Abstract
RNA-interference is an effective natural mechanism of post-transcriptional modulation of gene expression. RNA-interference mechanism exist as in high eukaryotes both animals and plants as well in lower eukaryotes and viruses. RNA-interference is now used as a powerful tool in study of functional gene activity and many essential for fundamental biology results was obtained with this approach. Also it's widely believed that RNA-interference could be used in working out of new therapeutic medicine against malignant, infectious and hereditary diseases. One of the main problems of these developments is search of effective methods of siRNA transfer into the target cells. At present time for these purpose different sorts of transfect ions or viral transduction are used. At present article the results of comparison of inhibition of expression of oncogene AML-ET O by synthetic siRNA and by recombinant lentiviruses coding for corresponding shRNA are presented.
INTRODUCTION
The controlled silencing of target genes is important both for molecular biological studies and for related applied sciences: in particular, modern biomedicine.
Among the many gene silencing approaches (which include the use of anti-sense RNA, ribozymes, chemical blockers, and targeted mutagenesis), the most efficient approach is based on RNA-interference.
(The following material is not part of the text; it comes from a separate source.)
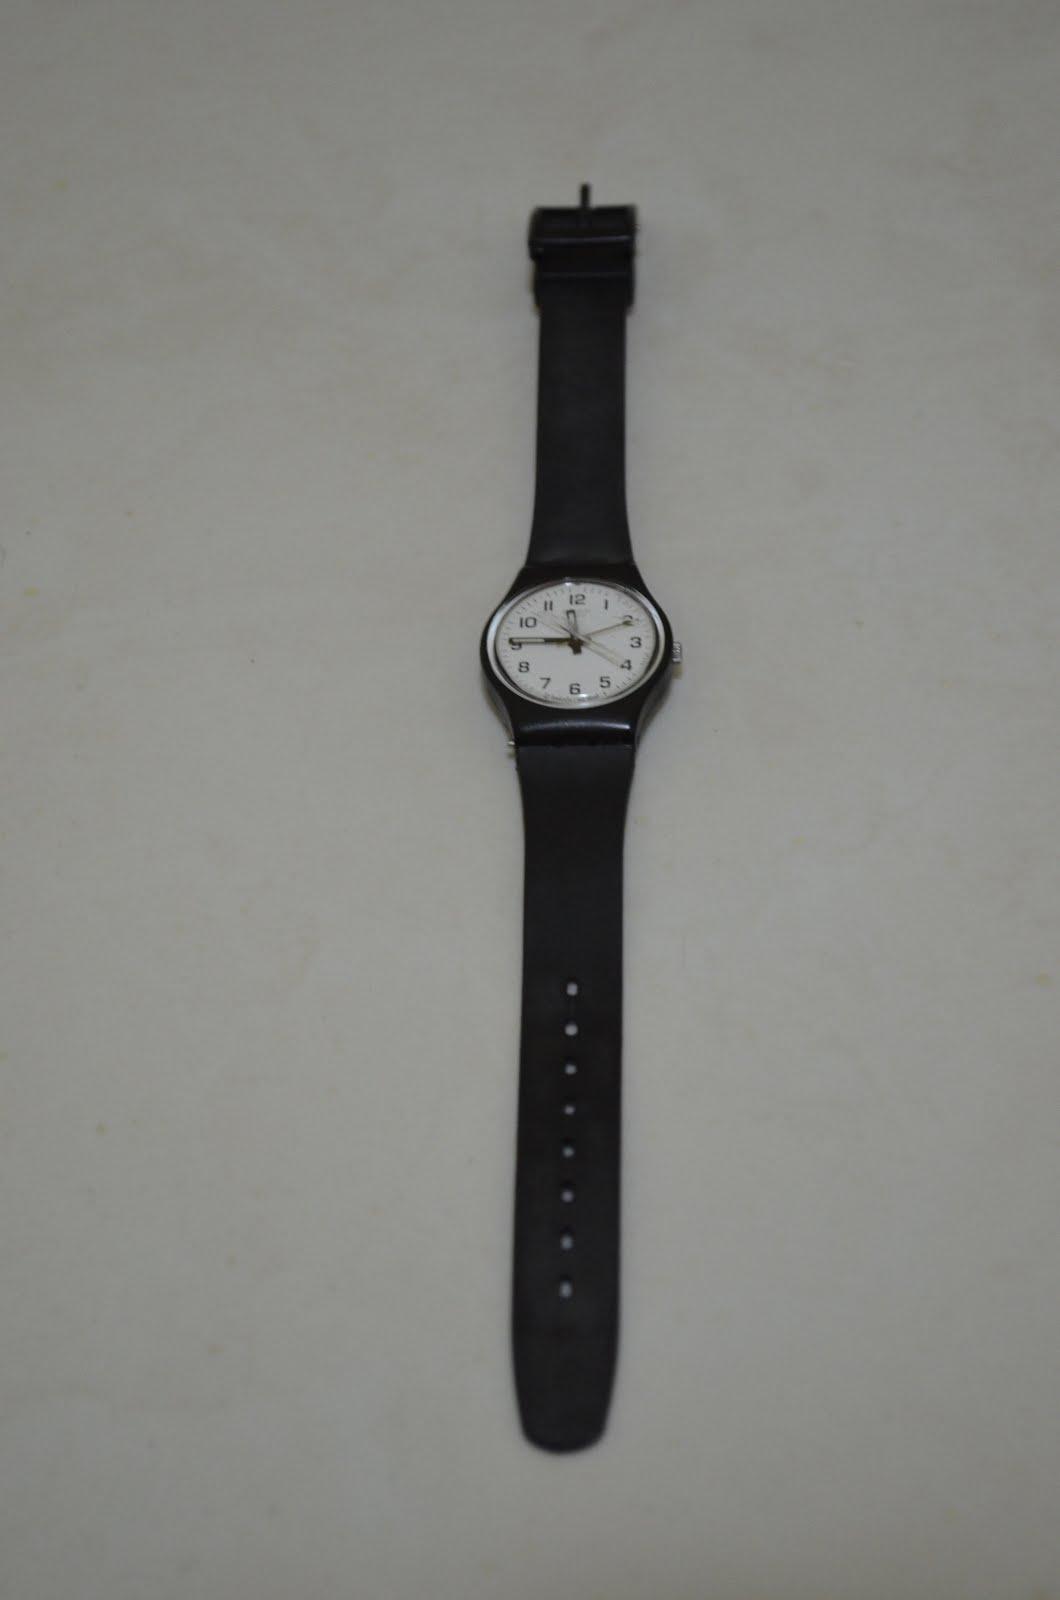 dd1da37a87c Relógio Swatch preto com fundo branco e pulseira de borracha.

RNA interference is a highly specific mechanism for the posttranscriptional silencing of target genes. It involves the degradation of the target gene mRNA. The degradation of mRNA occurs in a complex formed by short-interfering RNA oligonucleotides (siRNA) and cellular proteins such as endonucleases. The nucleotide sequence of siRNA is complementary to that of target gene mRNA.
In the past couple of years, the use of siRNA has become widespread in studies of gene functioning and gene interaction. The use of siRNA as next generation therapeutic agents in biomedicine is also being explored. It is possible that, in the near future, siRNA will be used for treating viral and oncological diseases.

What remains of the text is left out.